— Мертвее мертвого, — и тут его взгляд скользнул по разложенным на столе картам. У него разом перехватило дыхание. Нет, это была не колода таро. Если бы старуха сразу показала ему свои карты, если бы сказала, какую колоду использует для того, чтобы приоткрыть завесу будущего. Видит бог, он не стал бы стрелять. Потому что колода, разложенная перед ним карточным узором, ничуть не походила ни на таро, ни на обычные цыганские колоды. На картах были начертаны символы, которые Василий видел лишь однажды, в далекой Сибири, видел выжженные огнем, горевшим на теле батьки Григория…
Глава 1 АМУЛЕТ [1938]
«Найдешь Судьбу, но не распознаешь… Спасешь Судьбу, но не ублажишь… Испытаешь Судьбу, но не позволят…» Вновь полыхнули огнем глаза ведьмы.
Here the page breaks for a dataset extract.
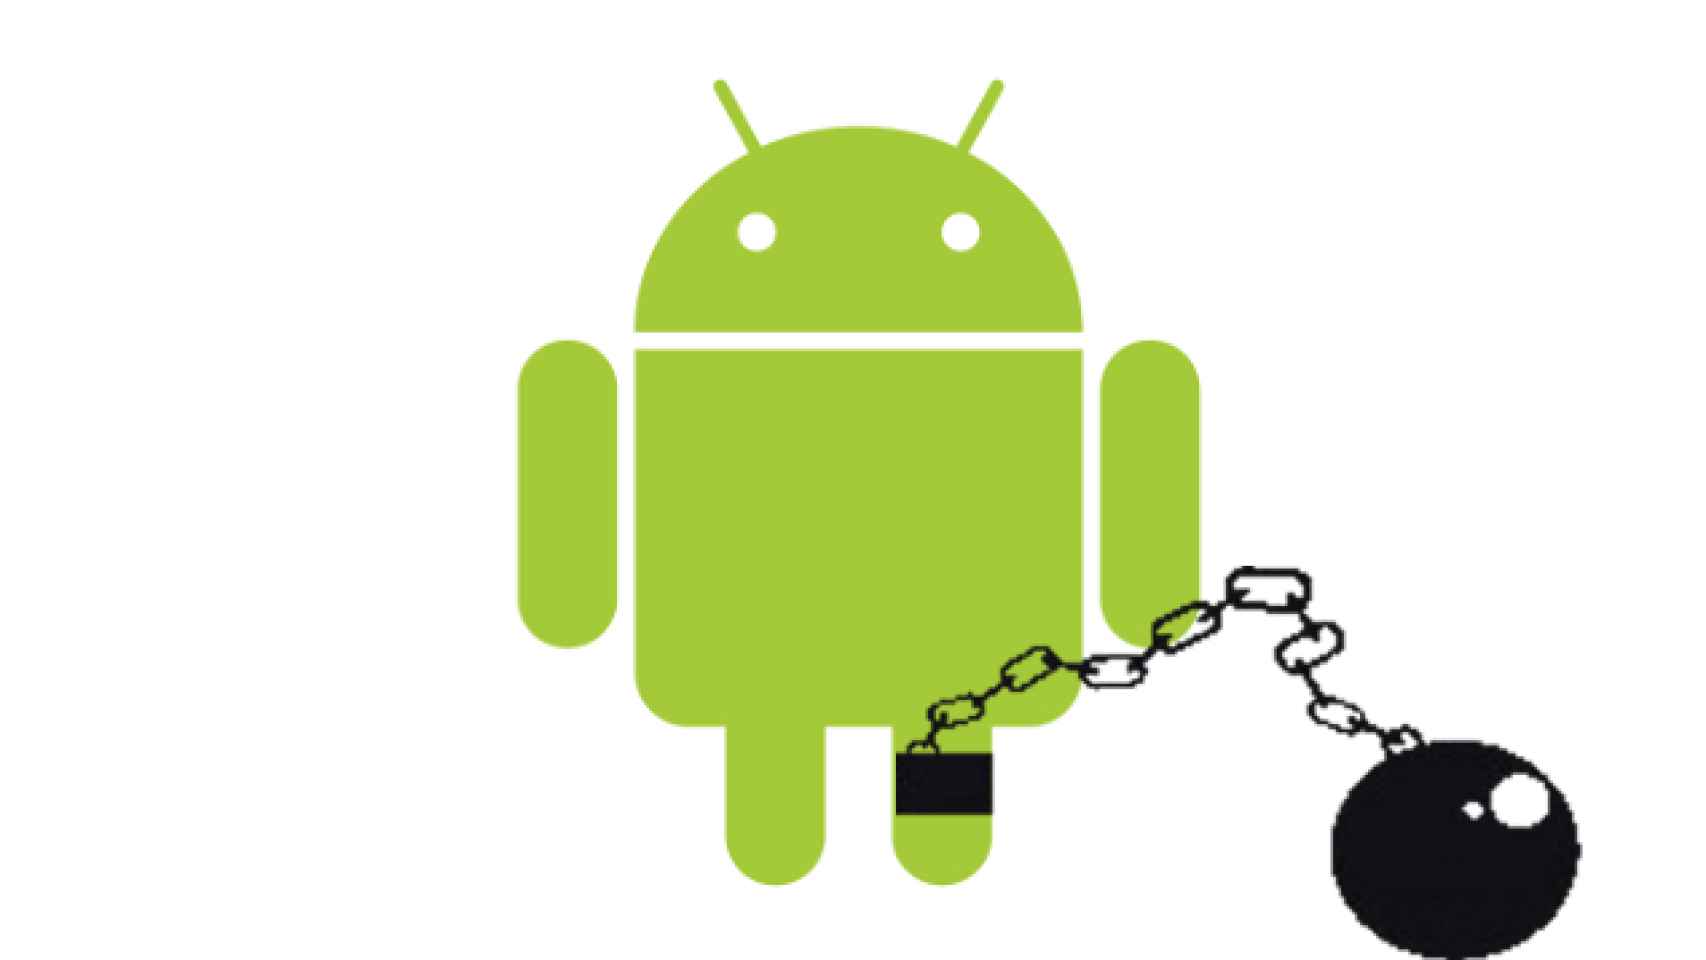 ¿Cómo afectaría a Android la prohibición de liberar teléfonos móviles?

Василий, выставив перед собой «бульдог», стал что есть сил давить на курок. Щелк… щелк… щелк… — осечка за осечкой. Да этого же быть не может! Он же сам изготовил эти пули, сам проверял порох…
А глаза ведьмы… Они становились все больше и больше. Вот она вытянула руку, и в свете хрустального шара зловеще сверкнули треугольные, звериные когти — потрескавшиеся, изъеденные временем. Василий заорал от страха, отшатнулся, со страшной силой врезавшись затылком в спинку кровати.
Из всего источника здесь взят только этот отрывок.